Sports

Redskins' Haynesworth butting heads with teammates

Phillip Daniels' emotions swelled to the point that the Washington Redskins veteran defensive lineman had to stop and gather himself as he spoke about Albert Haynesworth.

Phillip Daniels' emotions swelled to the point that the Washington Redskins veteran defensive lineman had to stop and gather himself as he spoke about Albert Haynesworth.

When Daniels resumed, the words were candid and stern.

"I've been through 15 seasons and I ain't won [anything]. So what I'm saying is if I can come out here and do this, don't tell me that you can't do it," Daniels said Monday. "I want every guy on this team to do well. I want you to realize that if you ain't all in, you don't need to be here.

"That's my point. I'm tired of going through season after season where we lose games that we should win, guys not doing the right thing, guys not putting the best effort in, whatever it may be. I'm tried of that, man. We deserve better."

The Redskins have a Haynesworth headache that just won't go away, even in December with Washington (5-7) essentially out of the playoff picture and morphing into wait'll-next-year mode.

The two-time All-Pro who skipped off-season workouts, boycotted a mandatory minicamp, needed 10 days to pass a conditioning test at training camp and did all he could to resist a change in the defensive scheme apparently got sick last week.

He didn't have a good practice Thursday, according to coach Mike Shanahan, then showed up late Friday and was limited because of the unspecified illness.

Shanahan thus decided to make Haynesworth inactive for Sunday's game against the New York Giants, but the coach didn't let the decision be known until shortly before kickoff. The move created a distraction in the locker-room, the last thing needed before a road game against a division rival.

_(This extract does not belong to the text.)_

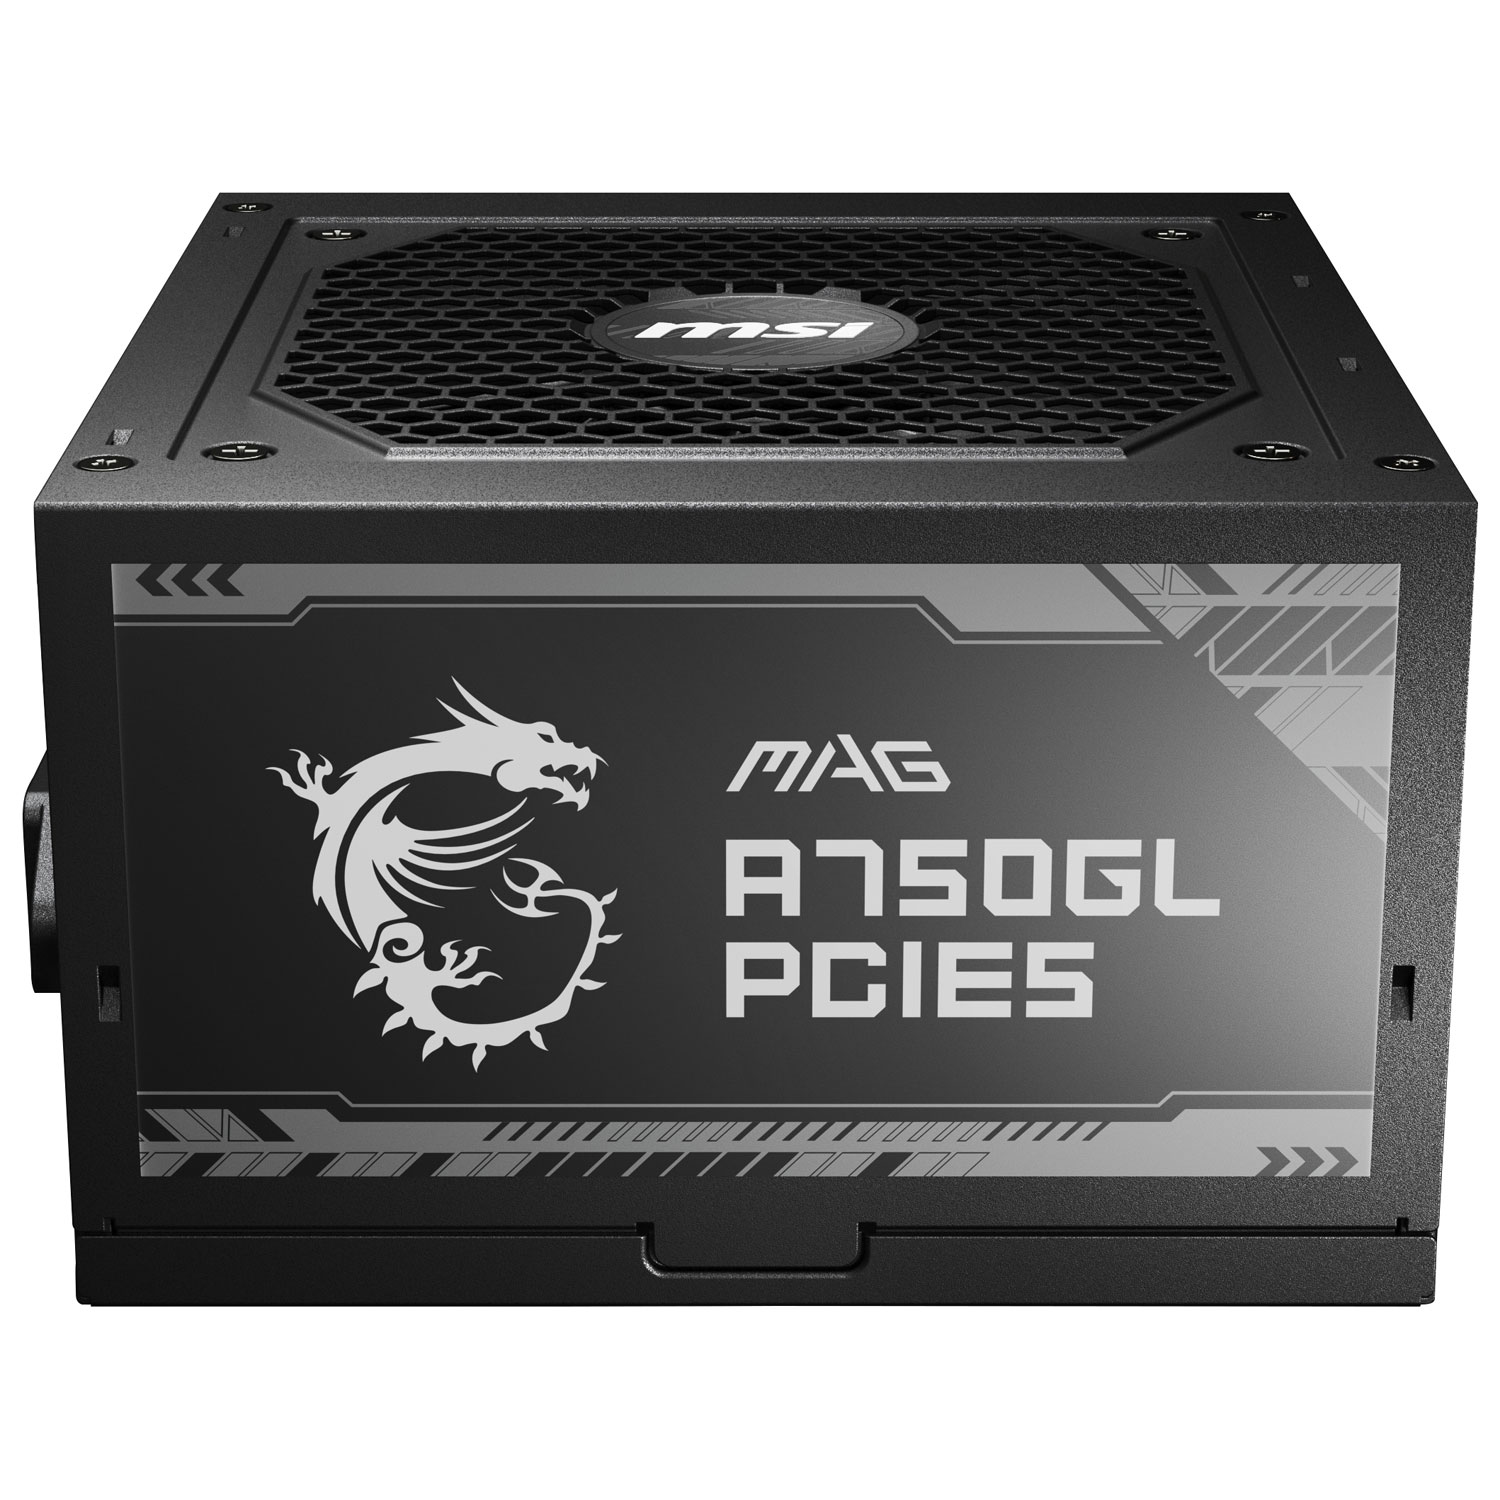 MSI MAG A750GL PCIE 5 80 Plus Gold 750W Fully Modular 12VHPWR

Haynesworth probably wouldn't have made much difference in the 31-7 beatdown, but the episode further isolated the player with the $100 million US contract and raised questions as to whether he and Shanahan will ever be compatible.

"It's always something else," Daniels said. "I just wish the team could stay focused and not worry about things like this. When I come to the locker room on game day, I expect guys to be ready to go and play. I don't expect to get a surprise. ... At the same time I can understand why it happened. I'm not questioning the coach's decision at all."

Shanahan said Monday he plans to meet with Haynesworth and won't discuss anything about the matter until Wednesday, after the meeting has taken place. The coach declined to say whether Haynesworth will remain on the roster for the rest of the season.

"I think it's fair for me to talk to him before I talk to you," Shanahan told reporters.

Shanahan also defended his decision to wait until Sunday morning to announce that Haynesworth would be inactive, saying he always waits until the last minute to reveal inactives as a matter of strategy.

Daniels said the distractions involving Haynesworth are "not healthy" for the team and that it "drags you down." He called Haynesworth a "great person" who "tries for the most part to fit in," but Daniels also cited a slogan from college — "Big team, little me" — and said that's the part Haynesworth doesn't get.

"That's what I go out there and play for every day – my teammates," Daniels said. "And I think that's the part of the game that really skipped by him."

Daniels said he hasn't missed a practice this season at age 37, even though he's been sick recently. He says he supported Shanahan's decision because it put the team first.

"He's not going to let one guy, one person, come in here and destroy what we have," Daniels said. "You put the team first when you think about the future and things that we've got to do. If you don't practice, you don't play -- and that's putting the team first."

Daniels said his feelings are echoed by his teammates.

"Guys don't want to say it, but guys feel the same way, man," Daniels said. "I'm a guy that I'm going to tell you the truth, and I'm going to tell you how it is. I'm not going to hide behind anything. I would love for things to work out with him. If he put everything he had into football — I'm talking about the workout part of it, the weight room, just the learning the game, the studying of the game — he would be no doubt the NFL player of the year."

The outstanding question, then, is whether Haynesworth can change. He also had a less-than-stellar work ethic reputation during his seven seasons with the Tennessee Titans before signing with the Redskins last year.

"I don't know how much he can change," Daniels said. "I think your DNA follows you in a lot of ways."

Other players weren't as forthright as Daniels, but several spoke of the Haynesworth issue as a distraction -- and indirectly stoked the debate as to whether Shanahan will want Haynesworth around next year.

"He's formulating to get his type of guys, the guys that he knows he can win with," linebacker London Fletcher said. "That's the nature of the business. You're either part of the problem or you're part of the solution, and you just hope to be part of the solution when all is said and done."